Exercise aim: An exact copy is required of every line from the one with "Cub Cadet 977A, E977C" through the end of the data below, and the pictures must stay out of it.

··· Material provided

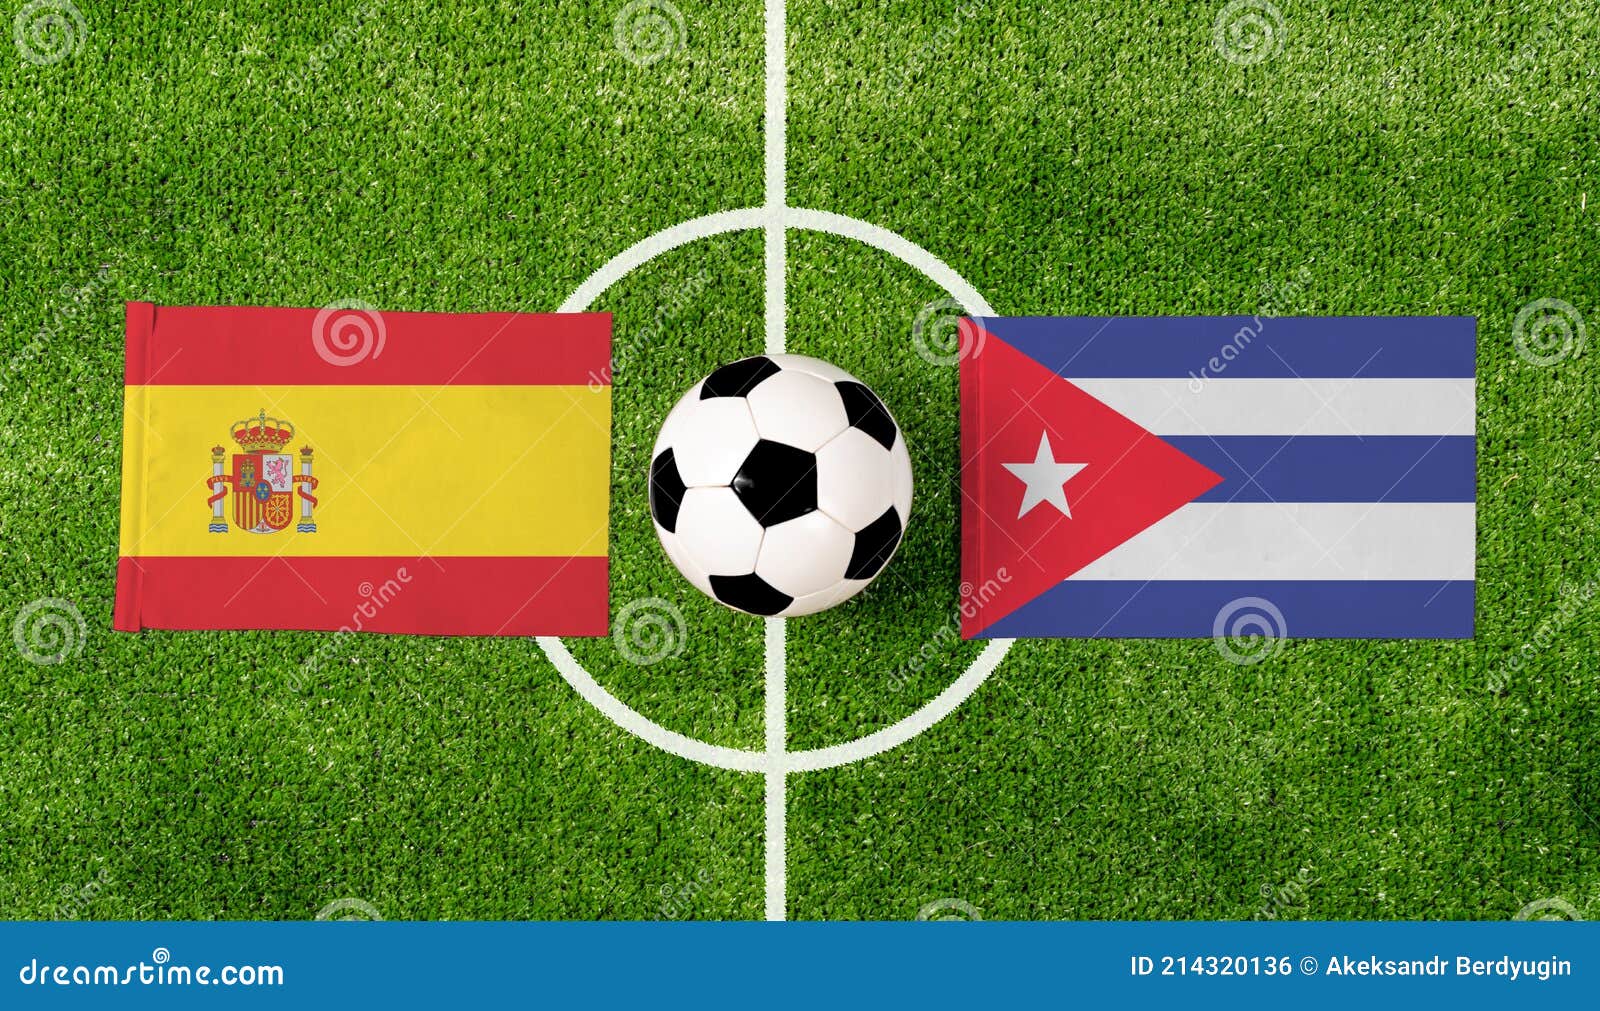 Cuba vs Spain scores & schedule
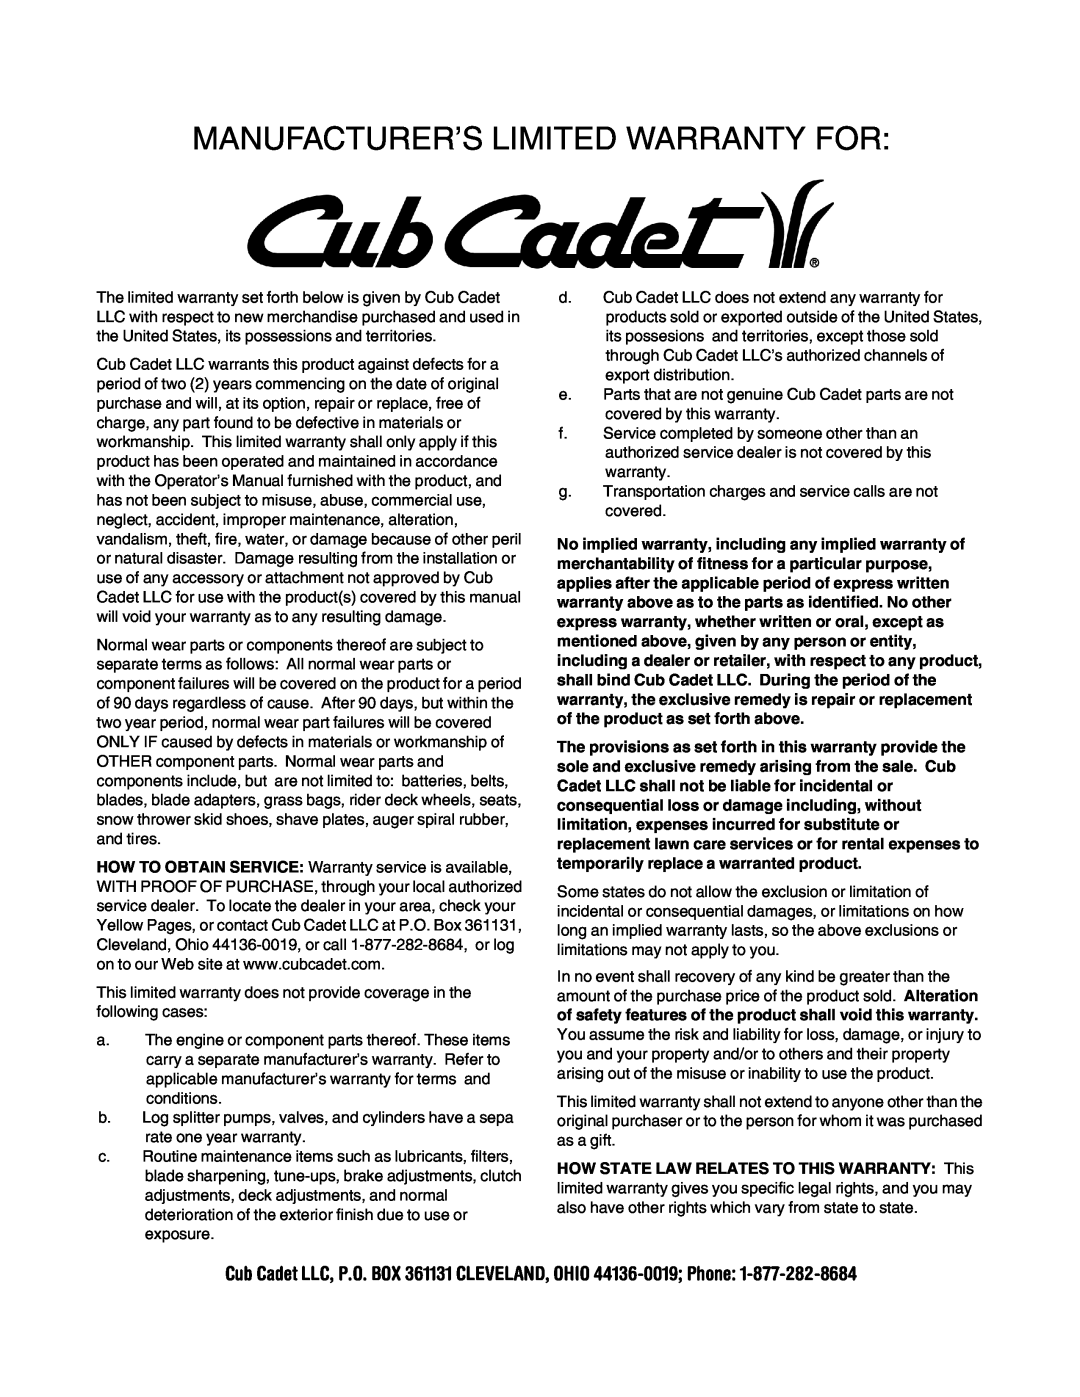 Cub Cadet 977A, E977C Cub Cadet LLC, P.O. BOX 361131 CLEVELAND, OHIO 44136-0019 Phone, Manufacturer’S Limited Warranty For 
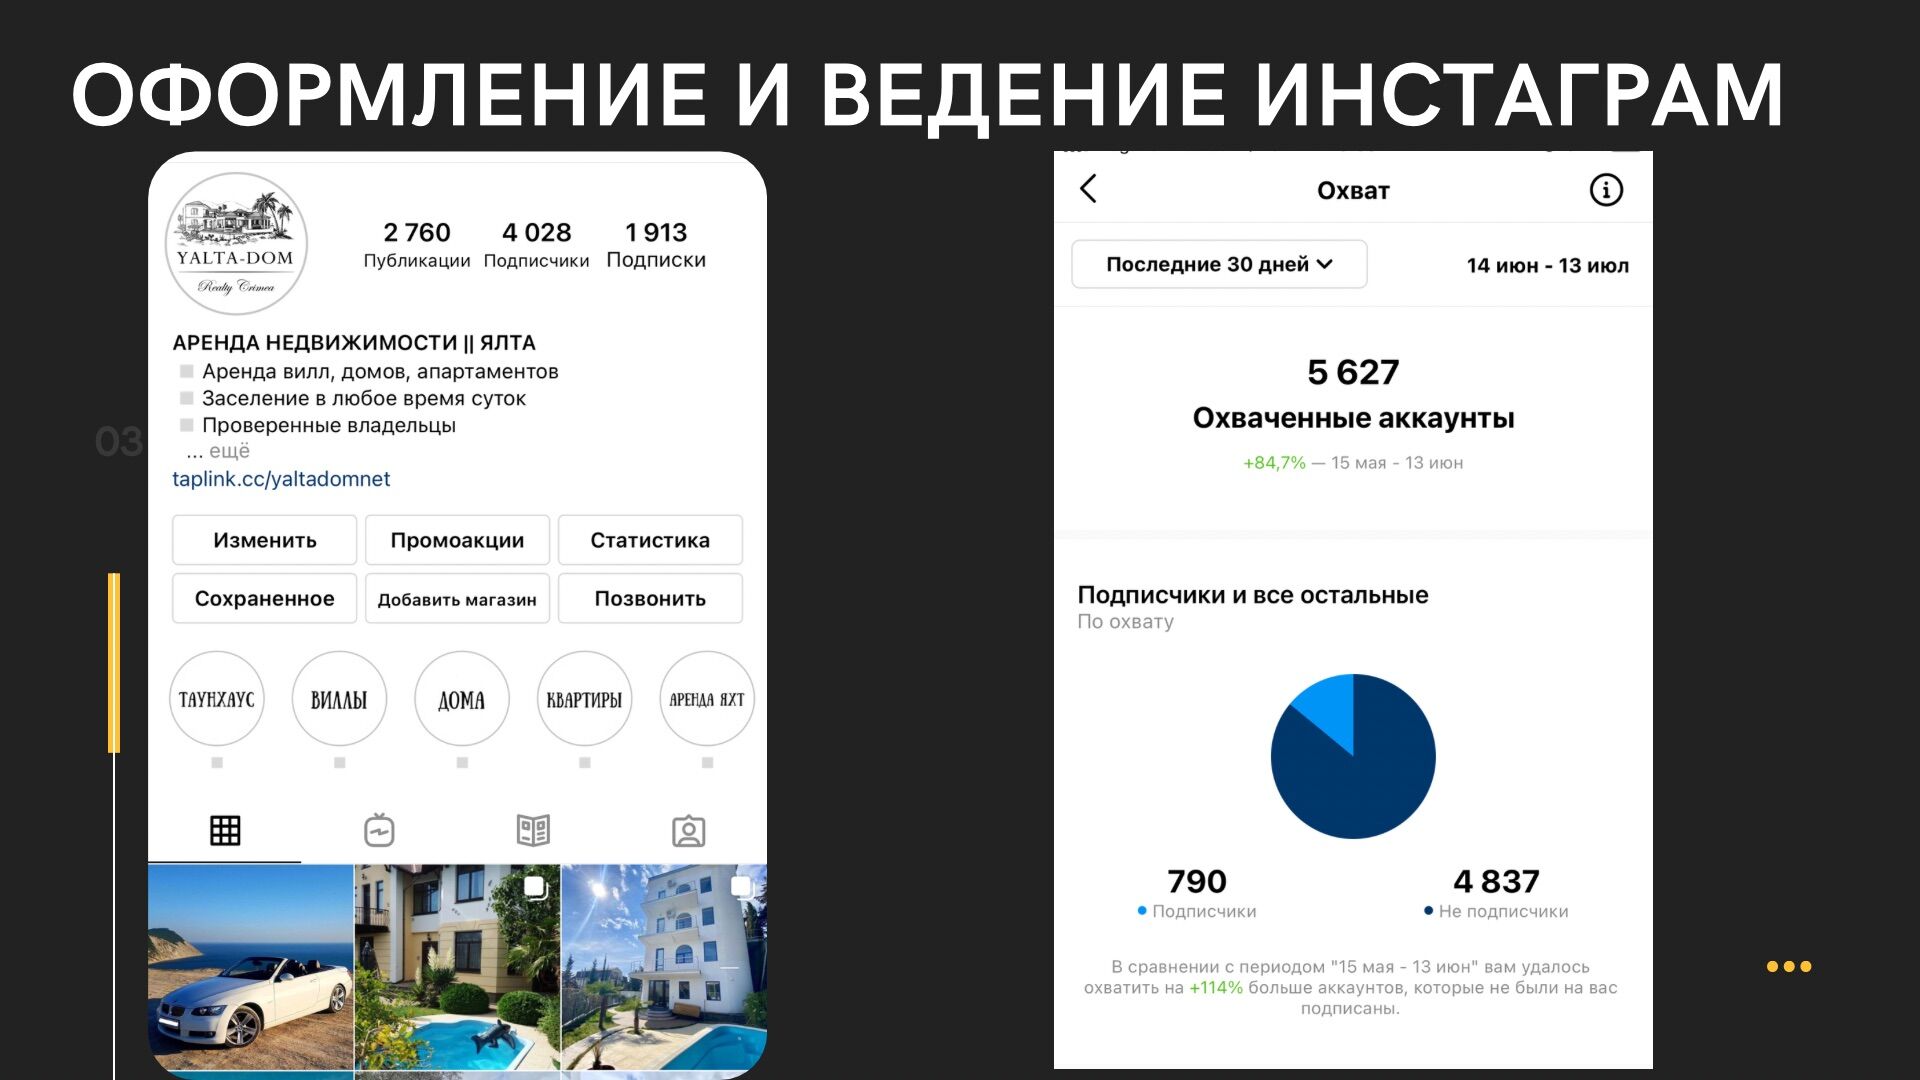 SMM instagram - базовый тариф за 22 000 руб.

······

Answer to the problem:
 Cub Cadet 977A, E977C Cub Cadet LLC, P.O. BOX 361131 CLEVELAND, OHIO 44136-0019 Phone, Manufacturer’S Limited Warranty For 
 SMM instagram - базовый тариф за 22 000 руб.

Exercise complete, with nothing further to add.